His wife wasn't yelling at the ant farm any more. That much was a heartening sign. She was not, however, immediately in view. Hesitantly, Shining pushed the door open further.

The first thing he noticed was the box.

It was huge, and dark, and contained within its depths a host of dancing arcane sparks. Near the top of the box were rows and rows of crudely depicted changeling invaders marching inexorably downward. Occasionally the box would make a little whizzing sound, accompanied by a small squee of satisfaction from the beanbag chair planted in front of it.

Draped across the beanbag was a rumpled swath of pink alicorn. She was staring intently into the box and fiddling with some buttons on a tiny panel in front of the beanbag with her hooves. A spoon was suspended in a pale blue telekinetic field spare inches above a bowl of cereal. No, wait—not cereal. To his dawning dismay, Shining Armor noticed that the bowl was full of extracted marshmallow bits from a box of Magic Charms cereal—specifically the heart-shaped ones.

The pink alicorn looked up from her wooshing, bleeping box. Her face lit up in an expression of joy.

Oh no, thought Shining Armor.

"Hail, sweet husband!" bellowed Cadance, knocking him backwards out of the room. "How fared your adventure with the destiny-alteration spell?"

Shining struggled vainly for a moment to upright himself in the hall outside the door. "Went great, honey!" he said, with the feeling of a cavern opening in his gut. "No complaints!" Shining tried again to get his legs under him, but before he could sort everything out, he felt himself being lifted gently into the air and placed on his hooves back inside the room.

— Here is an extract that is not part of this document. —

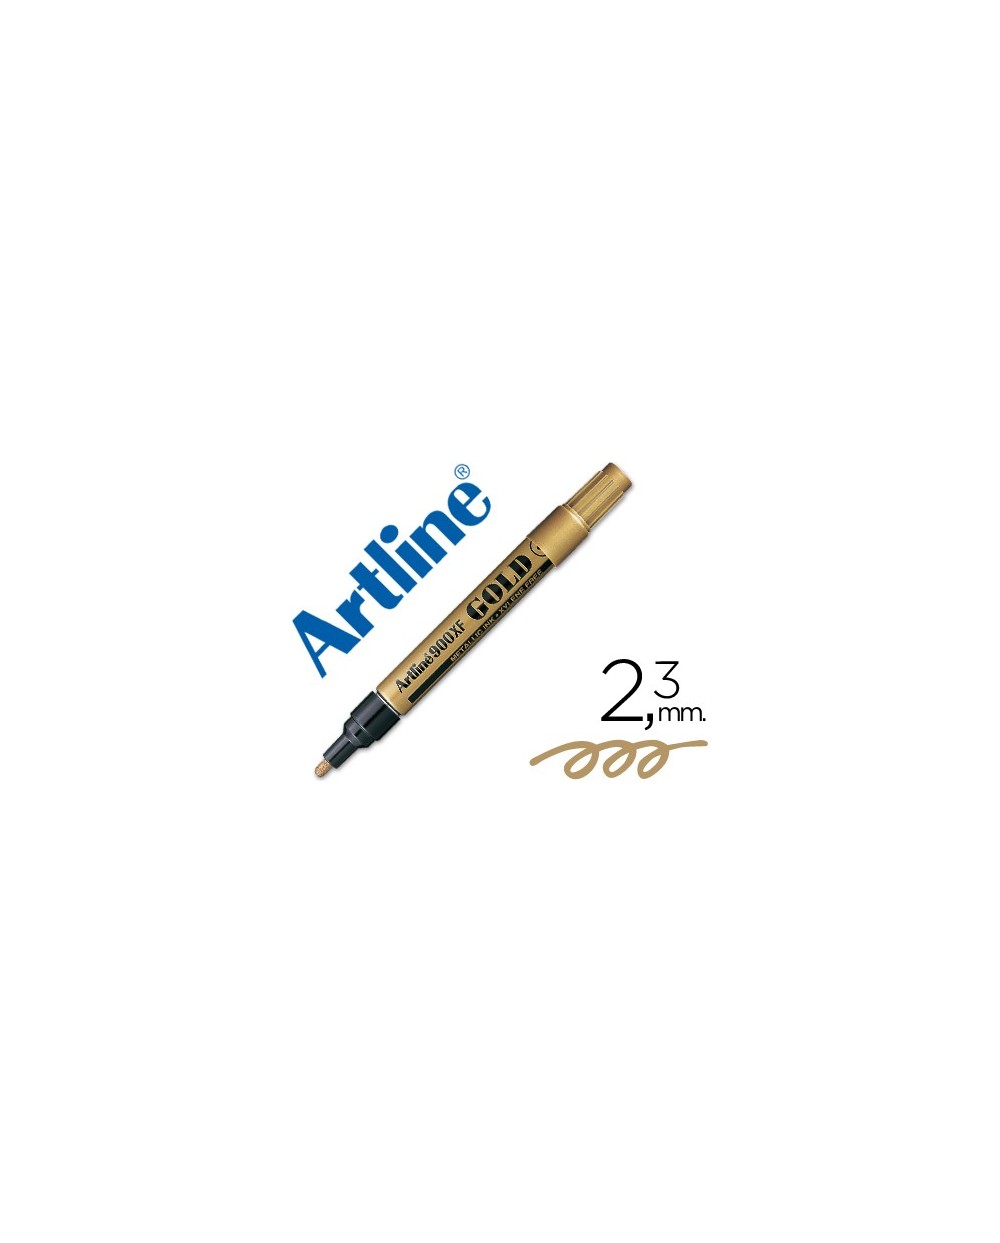 Rotulador artline marcador permanente tinta metalica ek 900 oro punta redonda 23 mm
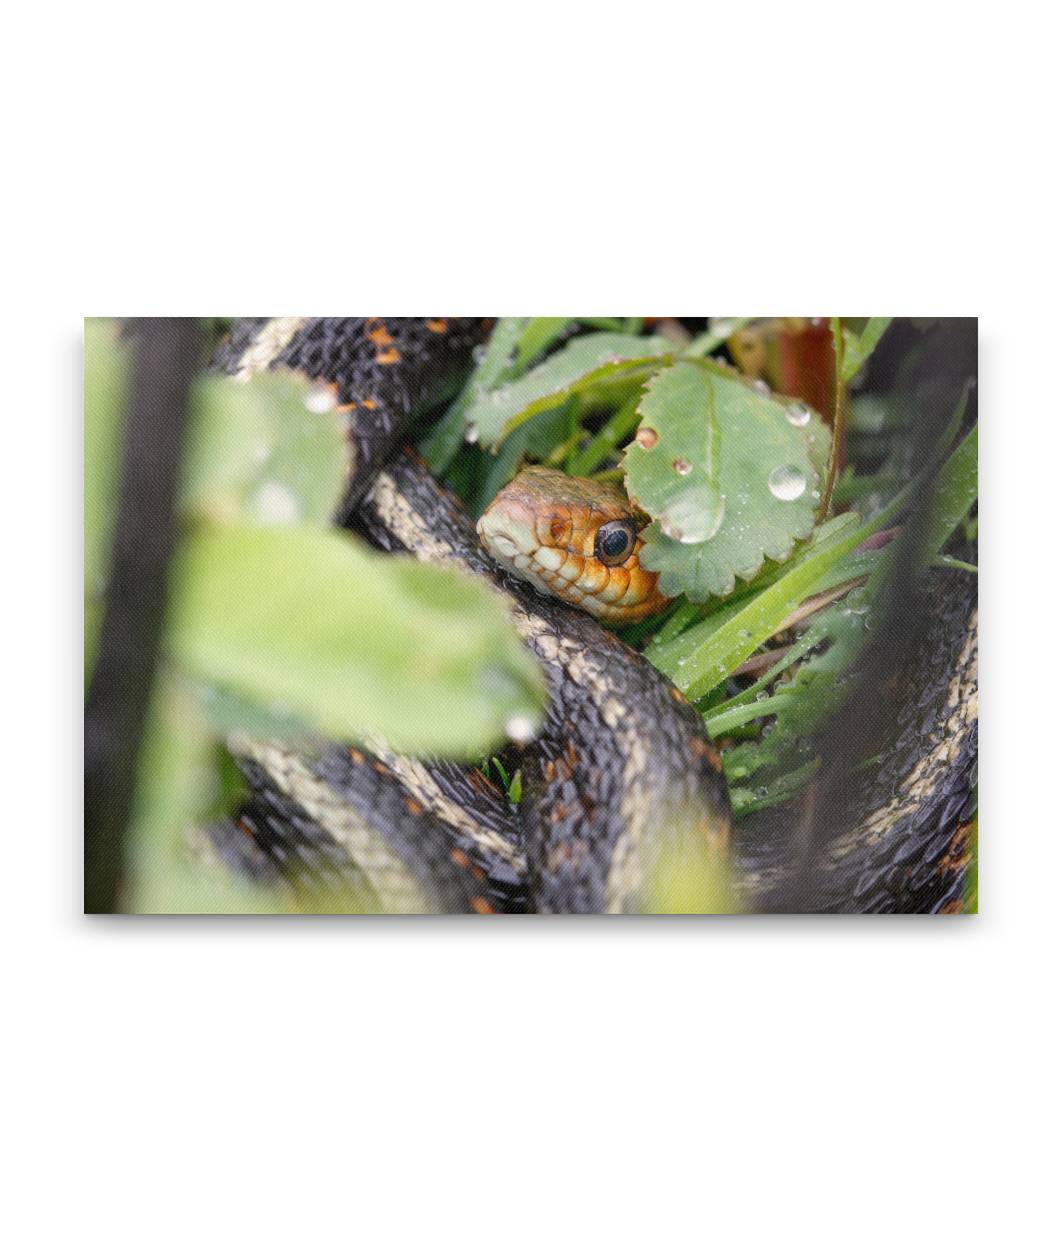 Garter Snake, William L. Finley National Wildlife Refuge, Oregon, USA

"Buh," said Flurry Heart, setting him down as her aura winked off. Shining Armor's foal returned her gaze to the ant farm on the floor in front of her. Occasionally she telekinetically plucked one of them up and placed it in a location unfamiliar to it, whereupon she watched its confused flailing with rapt attention. A half-eaten slice of mushed-up angel food cake lay on a colorful baby plate nearby.

"Bah buh bah," said Flurry, to the ants, imperiously. The ants waved their little feelers around in royal deference.

Cadance gave Flurry Heart a sour look. "Look how the ants fawn upon you, dear daughter."

"Bah," said Flurry Heart, airily.

"Would that they looked upon me with such respect!" she cried. "The ants have never loved and appreciated me the way that they have you!"

"Buh," Flurry Heart replied, narrowing her eyes.

"Do not strike that tone, daughter of mine! You do not possess the power to banish me!"

"Bah," said the foal, coldly, toddling over to Shining Armor's hoof and hugging it tightly..

"Your father will not fetch you the Elements of Harmony, young filly! For one thing, they are in a tree now!"

Shining Armor watched the escalating feud between his wife and his daughter, expression blank and eyes distant. Eventually he wandered over to the ant farm and gave the collected mass of lowly creatures a brotherly pat. Shining had once read a legend that a pony who happened to become the object of an alicorn's affection would never pass from Equestria; that the powerful magic of a princess's love would sustain them through the ravages of age and keep them alive for centuries, so that they might forever experience the beauty of a relationship with one of the most noble and powerful creatures in all Equestria.

Shining Armor now found himself beloved of two of them.

He found himself hoping that the legend was wrong.